De leden van den duitschen Bond zelf deinzen terug om in deze tot eenig bepaald besluit te komen, en ware dit zoo niet, voorstellen genoeg zijn er ge- | |
| |
daan of nog aanhangig, waarover de beslissing de kwestie zou uitmaken.
De vergaderingen te Frankfort doen evenwel meer denken aan een vernuftig spel, waarbij elk der partijen tracht zijne tegenpartij te verstrikken, dan aan eene politieke vergadering waarin de hoogste belangen van het duitsche vaderland naar pligt en geweten worden behartigd en besproken. Nu eens wordt een voorstel gedaan om Oostenrijk en Pruissen te magtigen de bonds-executie voort te zetten en de benoeming der twee burgercommissarissen in Sleeswijk goed te keuren. Dat voorstel werd afgestemd; maar een ander voorstel, krachtens hetwelk de politieke commissarissen door den Bond zouden worden benoemd, onderging hetzelfde lot.
Een andermaal gold het, een voorstel van Beijeren, en ondersteund door Wurtemberg, Baden, Brunswijk en, wat het beginsel betreft, door Saksen, dat de bondstroepen in Holstein versterkt zullen worden door troepen van het bondsleger, waarover het bevel zou worden opgedragen aan een generaal, die in overleg met den generaal Wrangel handelen zou.
Saksen amendeerde dat het opperbevel aan laatstgenoemden generaal zou verblijven.
Hessen-Darmstad stelde voor dat, tot herstel eener gemeenschappelijke actie tegen Denemarken en Holstein in Sleeswijk, onder voorbehoud de erfkwestie later te regelen, besloten wierd bij het executie-leger, dat Sleeswijk bezet, ook de bondstroepen aan de executie te doen deelnemen onder bevel van den thans commanderenden generaal, terwijl de aanstelling van twee burgerlijke commissarissen door Oostenrijk en Pruissen zou worden goedgekeurd, onder voorwaarde dat het burgerlijk bestuur van den Bond zich ook over Sleeswijk zou uitstrekken.
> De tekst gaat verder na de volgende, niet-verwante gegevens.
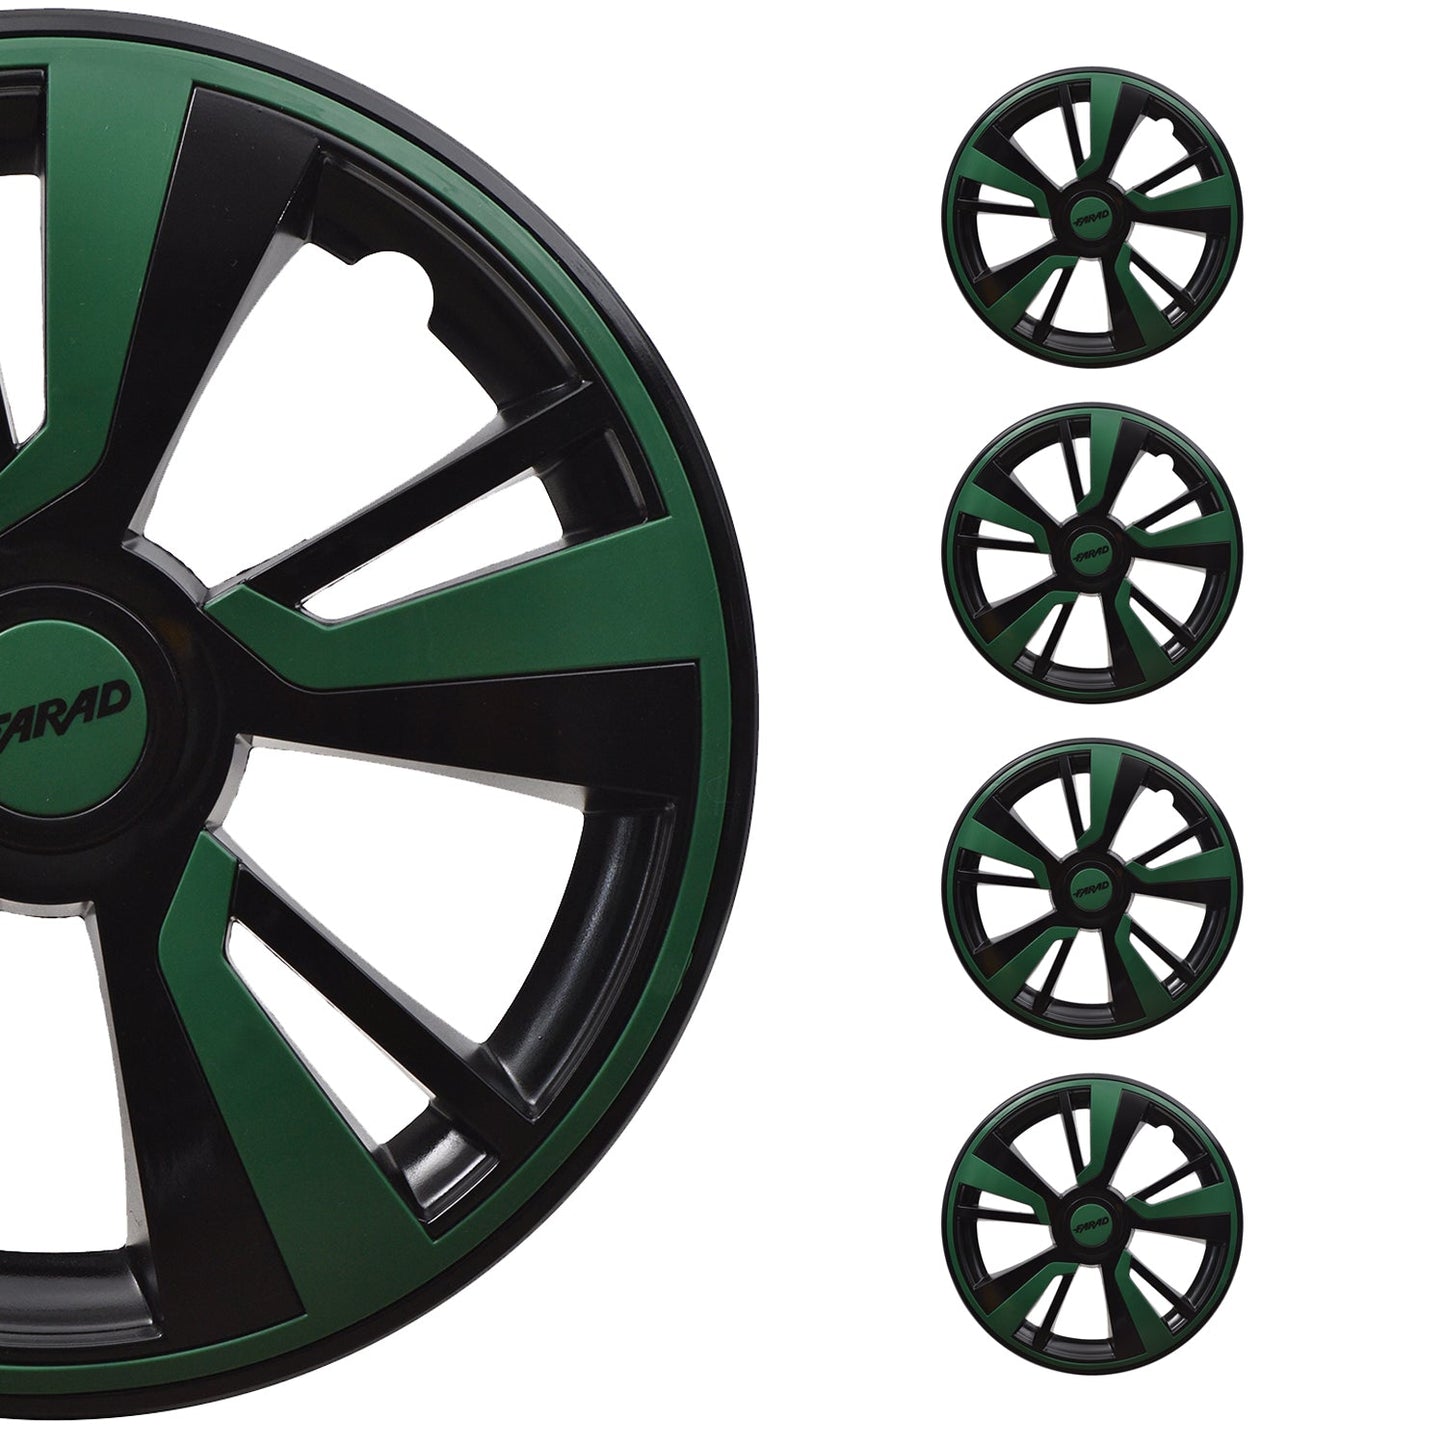 OMAC 16" Hubcaps Wheel Rim Cover Black & Green Insert 4pcs Set VRT99FR243B16G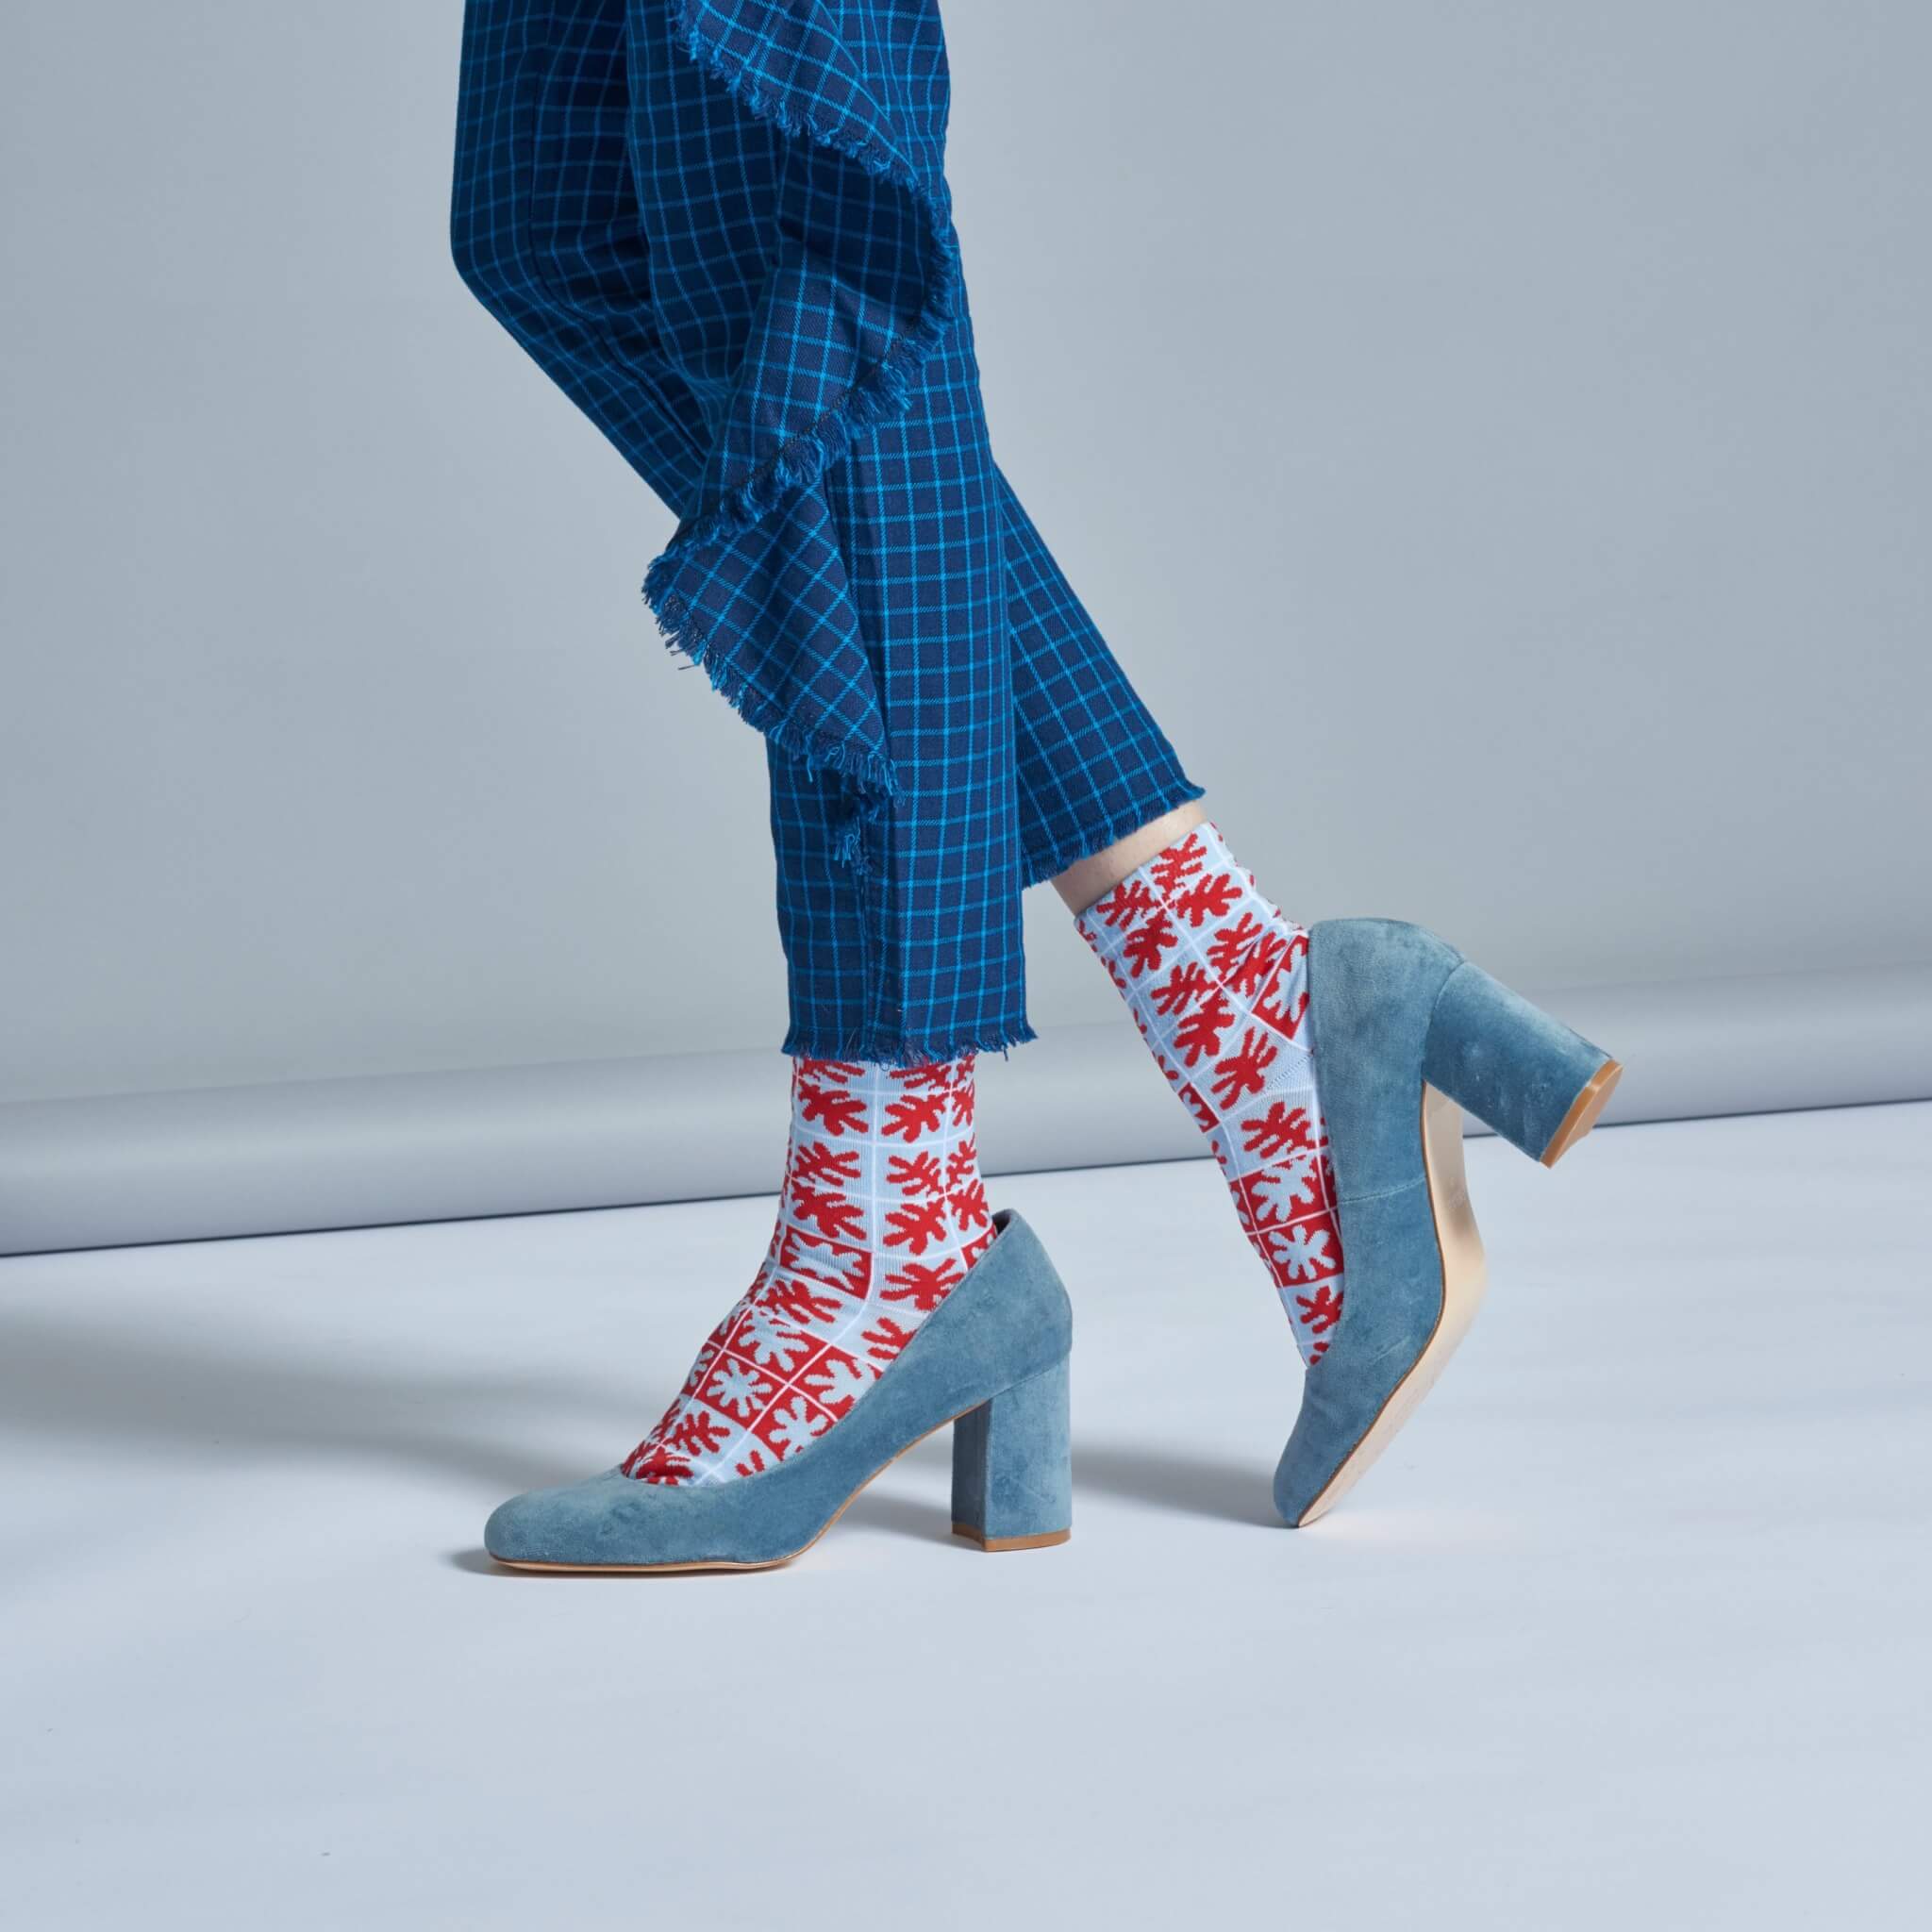 Dámské červené teplé ponožky Happy Socks Emilia  // kolekce Hysteria

Een voorstel van gelijke strekking werd ook door Hanover gedaan, maar verbonden met eene verklaring omtrent het embargo door Denemarken op de duitsche schepen gelegd; als het dit niet ophief zou de Bond aan Denemarken den oorlog verklaren.
Maar het voornaamste voorstel was dat tot het bijeenroepen der holsteinsche stenden, ten einde hen als wettig orgaan des lands uitspraak te laten doen over de regten van den hertog van Augustenburg. Was daartoe besloten, en het besluit zou zeker zijn genomen, dan leed het bijna geen twijfel of de holsteinsche stenden zouden den hertog kiezen; als deze gekozen was, was het lot van Holstein beslist en indirect ook dat van Sleeswijk.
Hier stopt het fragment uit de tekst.